→ Exercise description
Would you copy, word for word, each line from the one with "A two-handled vase" to the end of the listing below, skipping all pictures?

*** Given information ***

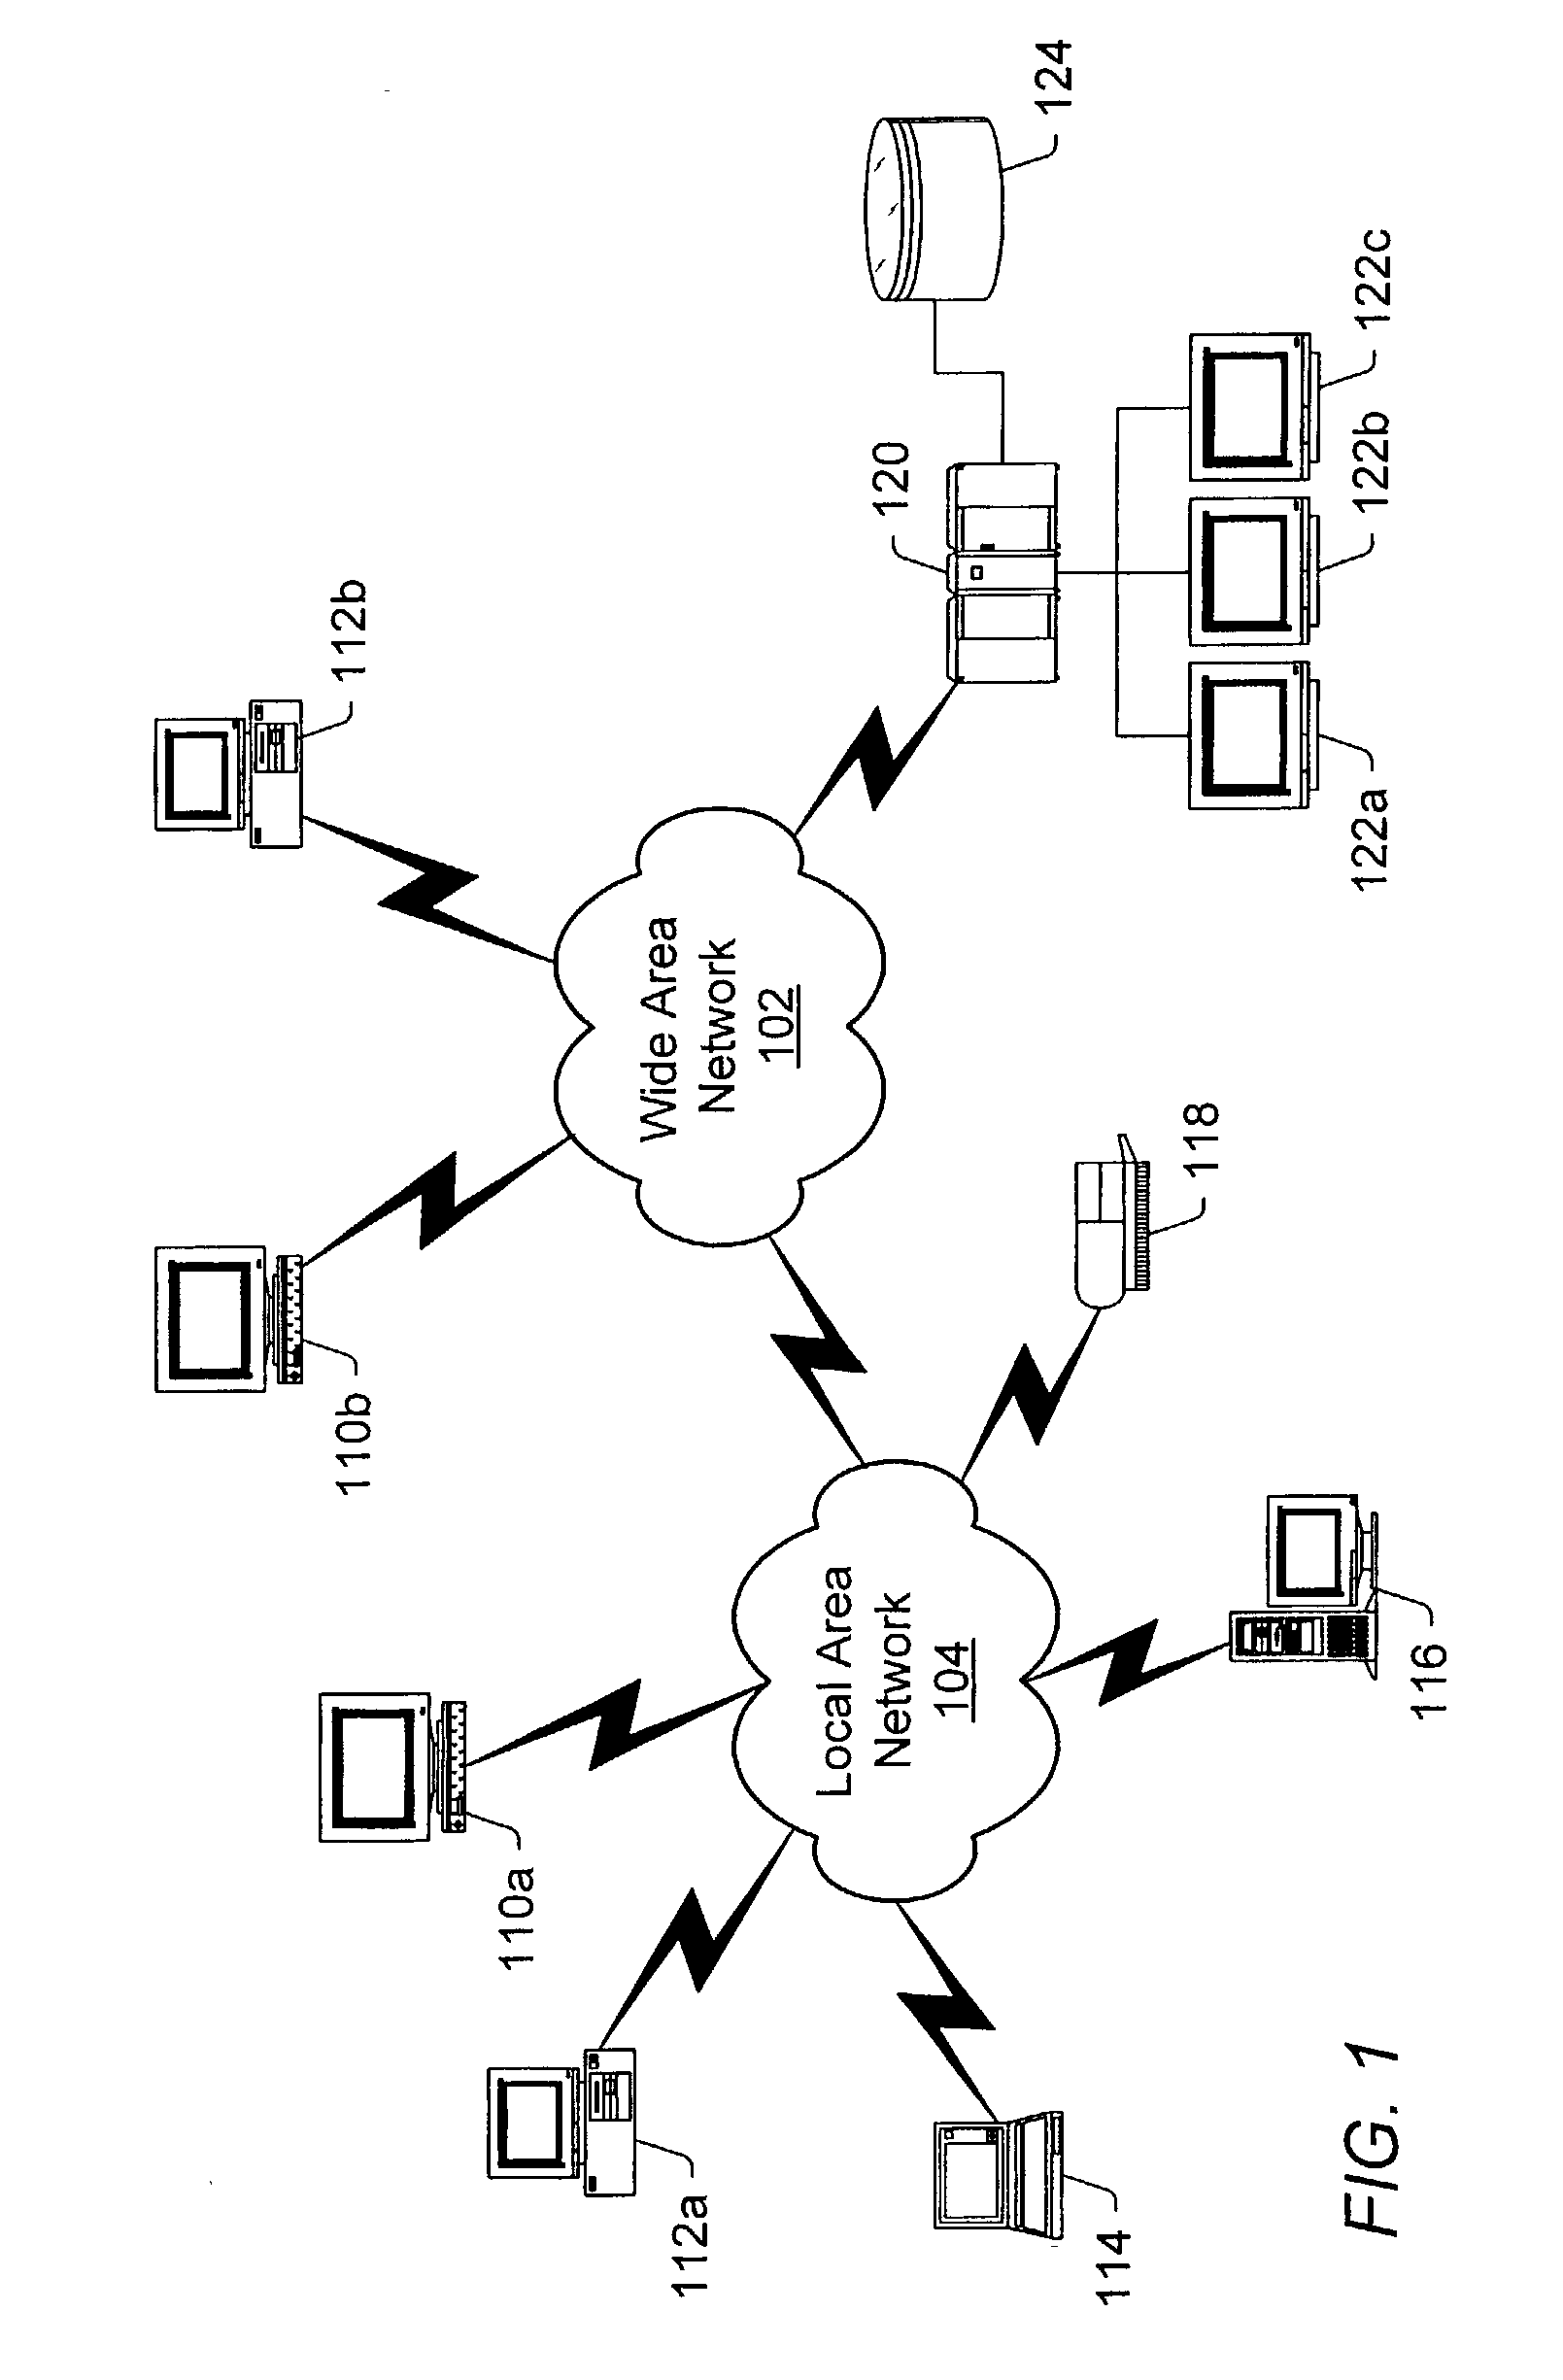 Computerized method and system for estimating an effect on liability using a comparison of the actual speed of a vehicle in an accident and time and distance traveled by the vehicles in a merging vehicle accident
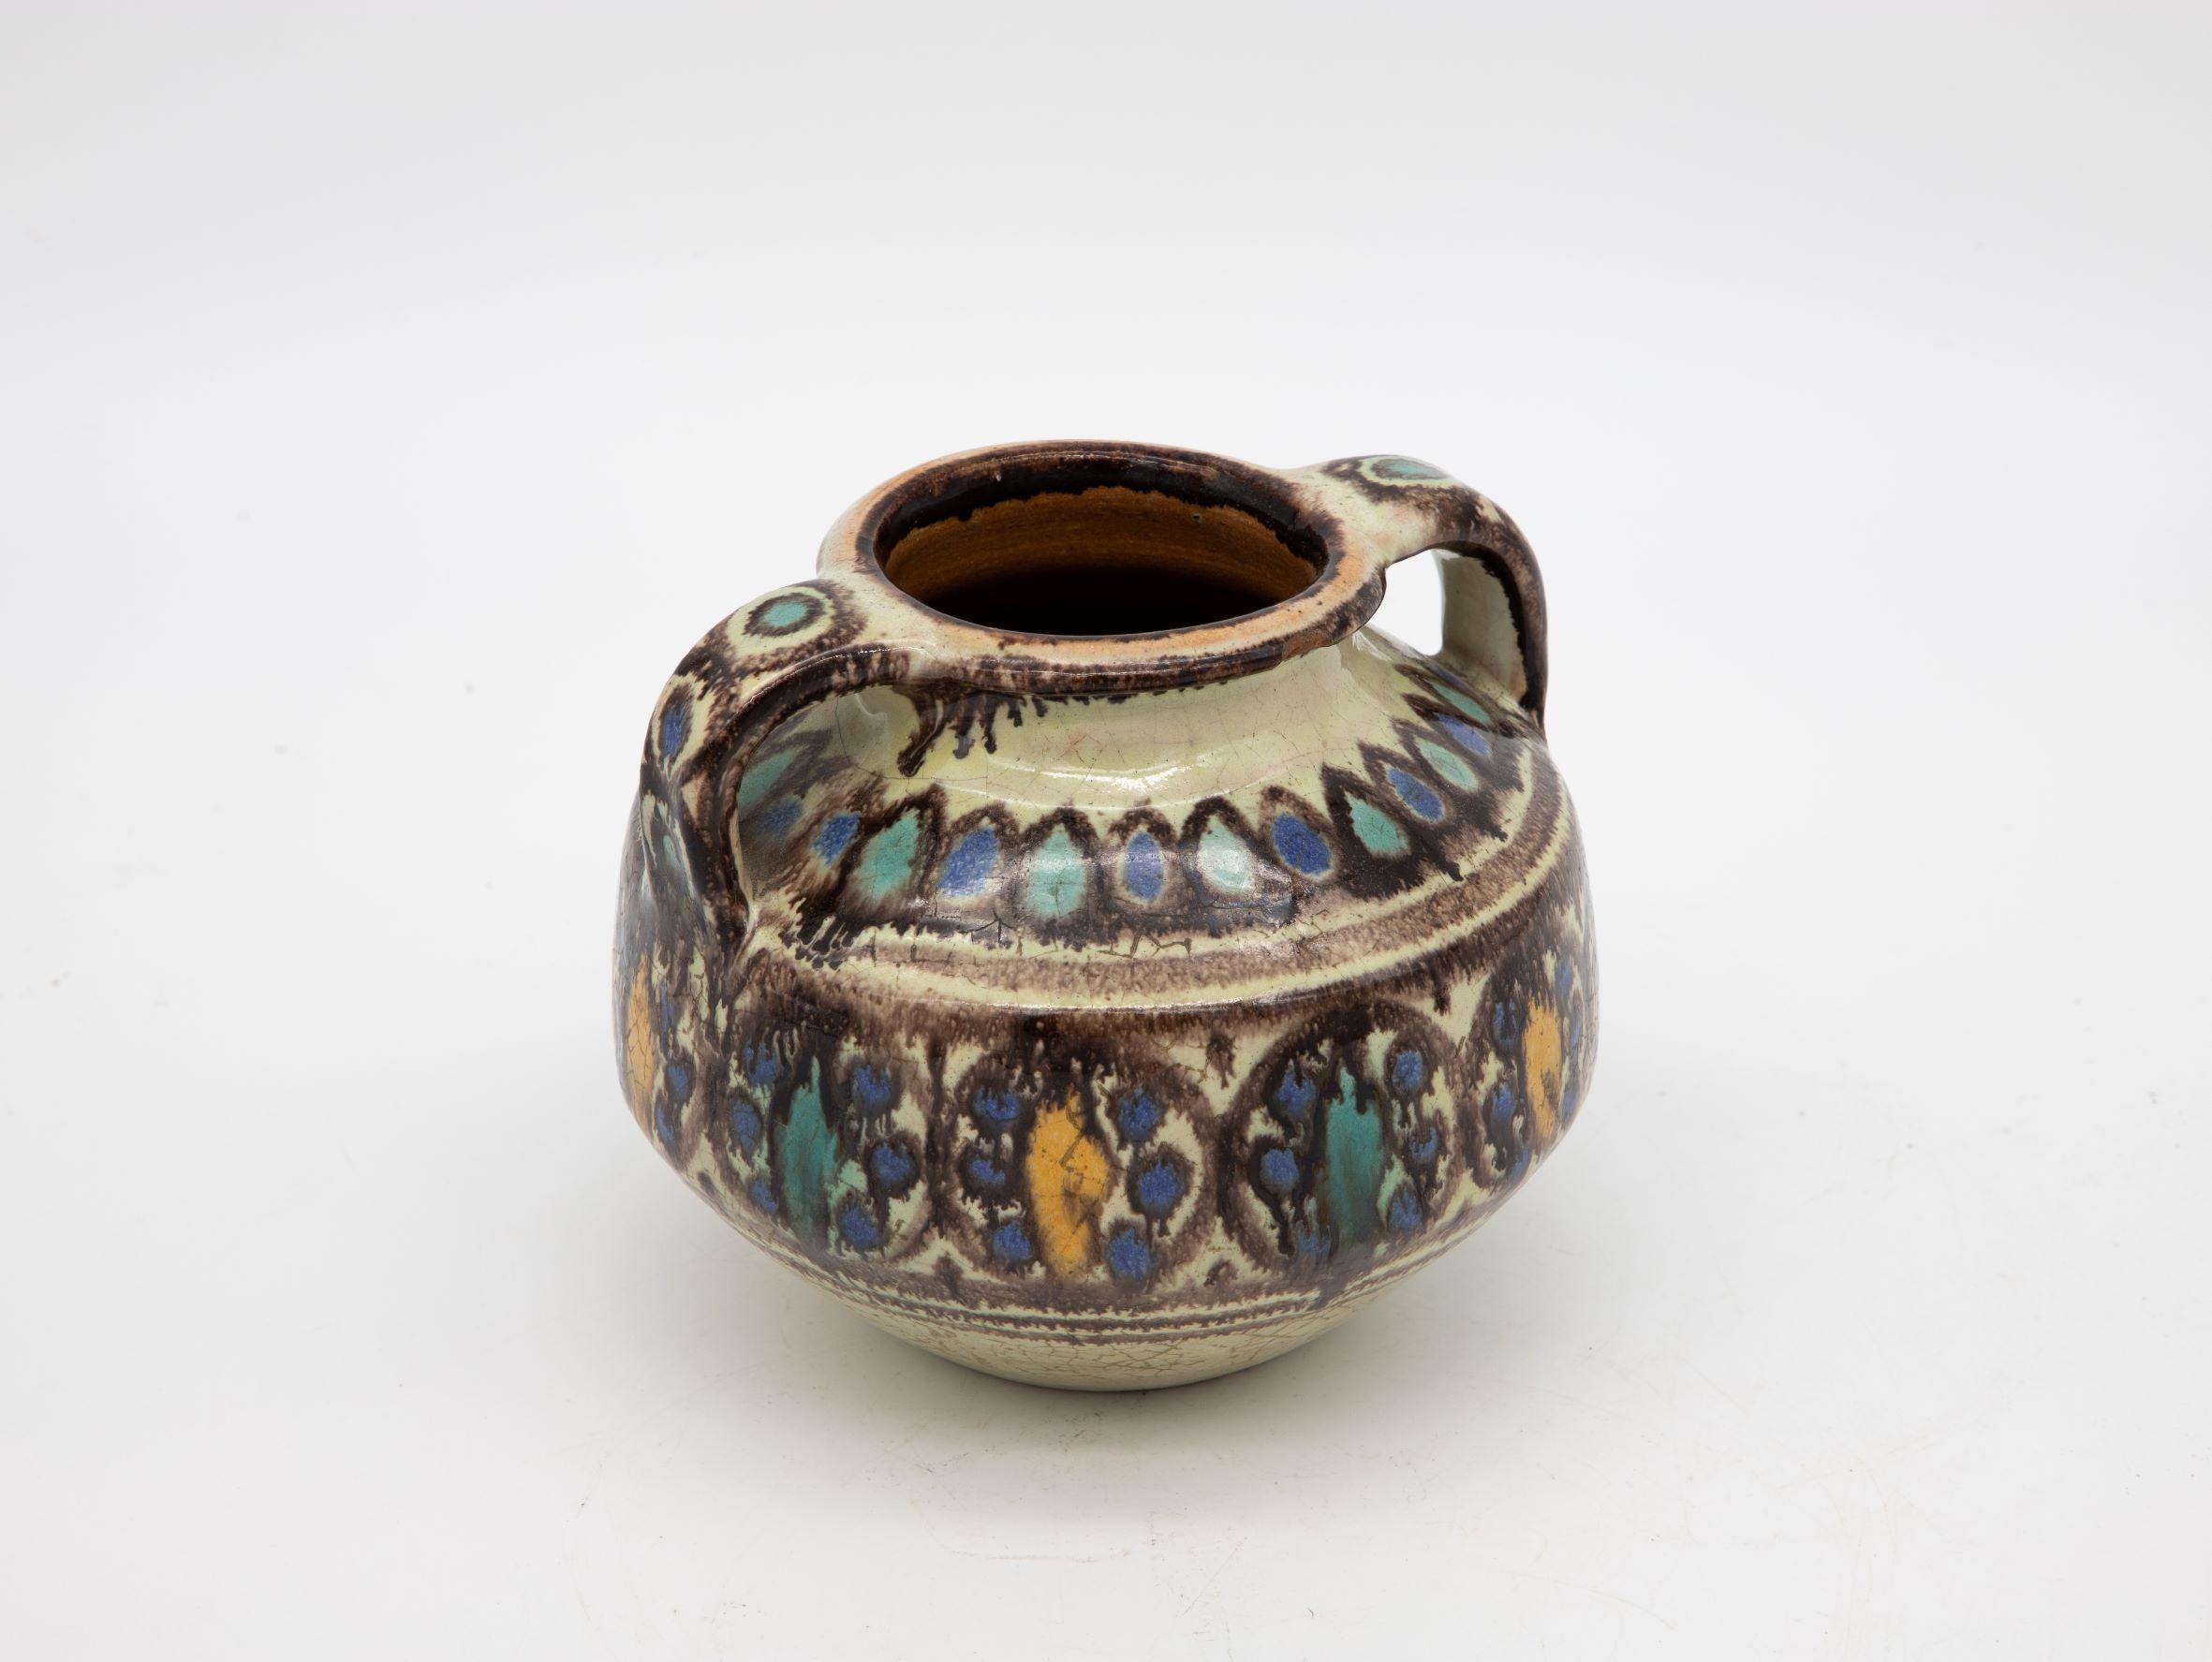 A two-handled vase from Safi, Morocco. Early 20th century. Alternating aqua and yellow
leaf pattern.

***

→ Answer for this exercise
 A two-handled vase from Safi, Morocco. Early 20th century. Alternating aqua and yellow
leaf pattern.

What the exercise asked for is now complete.